Sort the dict by the key 'ordering' if ordering is greater then that dict should appear first and then the dict which contain next greater ordering and the first three greater ordering dicts should be stored in the list.
Input:
my_list = [{u'item_group': u'Bits Special',
u'item_name': u'Tool Bits-Metric',
u'ordering': 1},
{u'item_group': u'Performance Drills 3X',
u'item_name': u'Drills-Short-Metric',
u'ordering': 3},
{u'item_group': u'Hand Taps',
u'item_name': u'Shank-Metric',
u'ordering': 4},
{u'item_group': u'Tool Bits',
u'item_name': u'T42-Square HSS Tool Bits-BSW',
u'ordering': 2,}]
Expected o/p:
op_list = [{u'item_group': u'Hand Taps',u'item_name': u'Shank-Metric',
u'ordering': 4},{u'item_group': u'Performance Drills 3X',
u'item_name': u'Drills-Short-Metric',u'ordering': 3},
{u'item_group': u'Tool Bits',u'item_name': u'T42-Square HSS
Tool Bits-BSW',u'ordering': 2,}]
I've tried :
for i in mylist:
if i['ordering']>mylist['ordering']:
op_list.append(i)
There are examples showing how to sort a list, giving your own key to use for comparison. You need this revsered (ie descending) and then need to take the top three.
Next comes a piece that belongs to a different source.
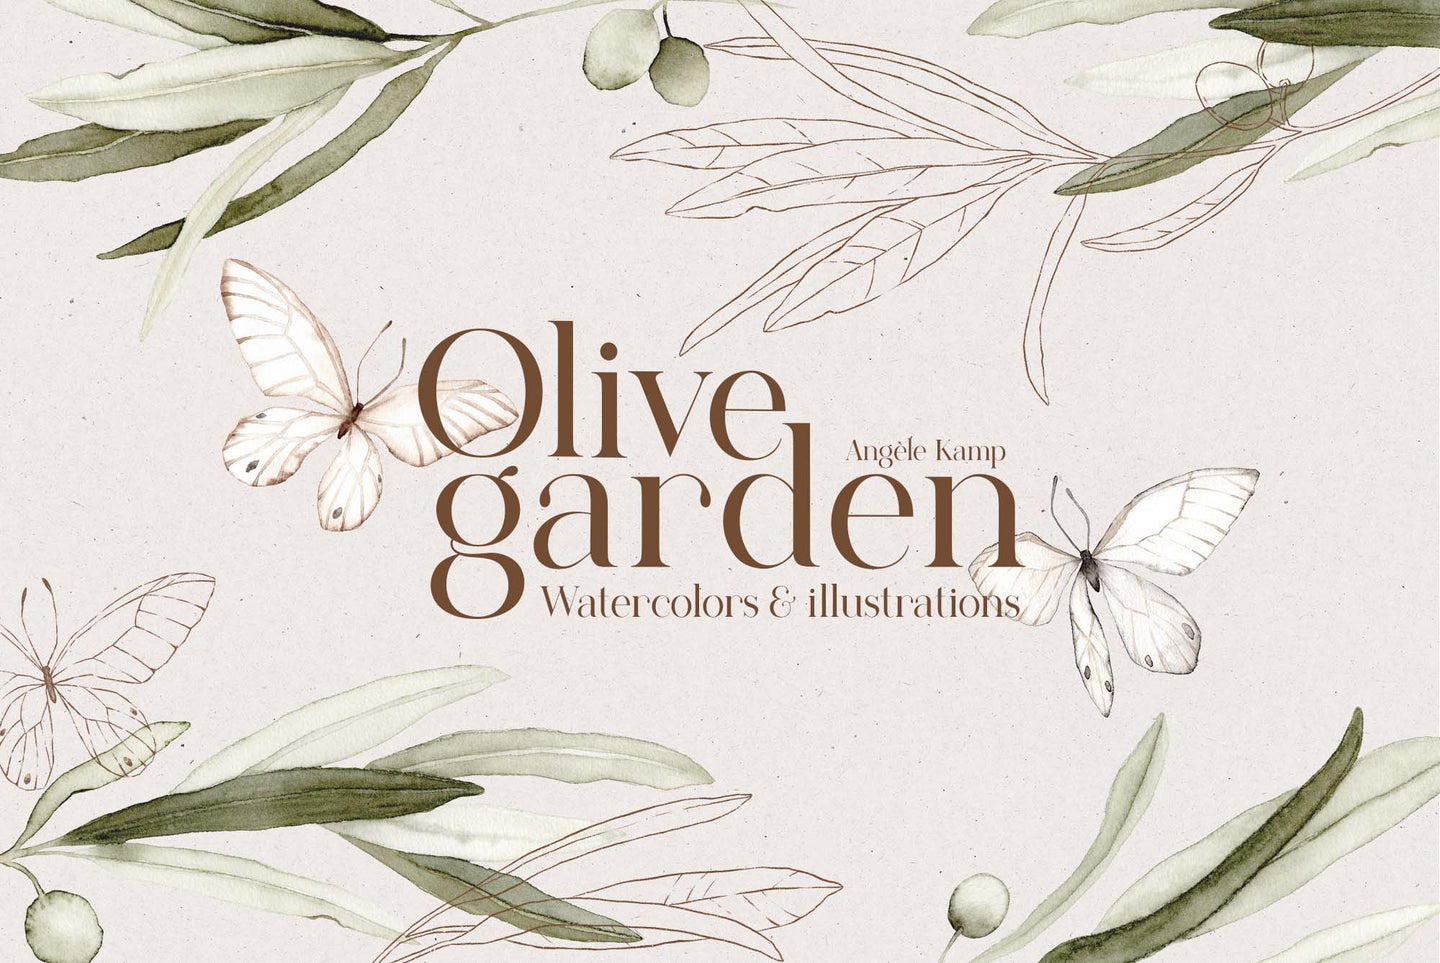 Olive garden watercolors

Simplifying what you have, consider
my_list=[{u'ordering':1}, {u'ordering':3}, {u'ordering':4}, {u'ordering':2}]
you can sort this:
>>> sorted(my_list, key=lambda d: d[u'ordering'], reverse=True)
[{'ordering': 4}, {'ordering': 3}, {'ordering': 2}, {'ordering': 1}]
and slice off what you need:
>>> sorted(my_list, key=lambda d: d[u'ordering'], reverse=True)[:3]
[{'ordering': 4}, {'ordering': 3}, {'ordering': 2}]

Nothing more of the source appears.